The idea: advise Montez on how to act with a gentleman racist and pay back Tony Paradiso, the guinea fuck, for stealing his client.

It wasn’t long before they were meeting for drinks, Avern
showing no resentment and Montez sorry he had given up on him as his lawyer to become Tony Paradiso’s monkey. Well, he wasn’t making it into the man’s will, but was getting the house instead. Avern said, “I can get you a million and a half for it. When do you want to take possession?” In other words, when did he want the old man to die. Montez said how would that work? And Avern said, “Don’t ask unless you want it to happen.”

Next, Montez wasn’t getting the house after all, goddamn it, and was mad enough to whack the old man himself. Ten years he put in for nothing, and the old man’s ho was getting something worth as much as the house. Montez explained his part in it, the old man using him so his son the prick wouldn’t know about it. A stock certificate, Montez said, worth a million six at least, according to the old man.

Avern said, “He can still be sent to his reward any time you want.
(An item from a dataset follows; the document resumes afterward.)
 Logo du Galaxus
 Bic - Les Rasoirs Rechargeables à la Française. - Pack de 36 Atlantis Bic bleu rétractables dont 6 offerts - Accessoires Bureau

You give the ho her stock and she signs it over to you. What’s wrong with that?” Avern checked it out with Lloyd and Lloyd said yeah, that’s how he understood it was set up. Lloyd being in the will was okay with Tony Jr. And if the man was to go ahead of his time, that was okay with Lloyd. Once the will was read he was moving to Puerto Rico.

But now with Chloe dead . . .

Jay Leno was asking another nitwit who America fought in the American Revolution to gain our independence. The nitwit this time said, “Other Americans?” and laughed. He said, “Was it the South? The South Americans?” and laughed. The nitwits knew they were wrong and thought it was funny.

Montez thought he was a genius making Kelly pose as
Chloe. He got the cops on him as a suspect and Fontana and Krupa pissed off enough to want to shoot him. Which could happen.

His phone rang with an annoying sound.

Montez said, “Whereabouts in Bloomfield Hills do you live?”

“You’d never find it,” Avern said. “What’s up?”

“I went to see this Kelly at her place? She says get the stock certificate and bring it to her and she’ll take a look at it.”

“That’s the idea, isn’t it?”

“I don’t know can I trust her. She was real friendly though, sounding like she wanted to help me out.”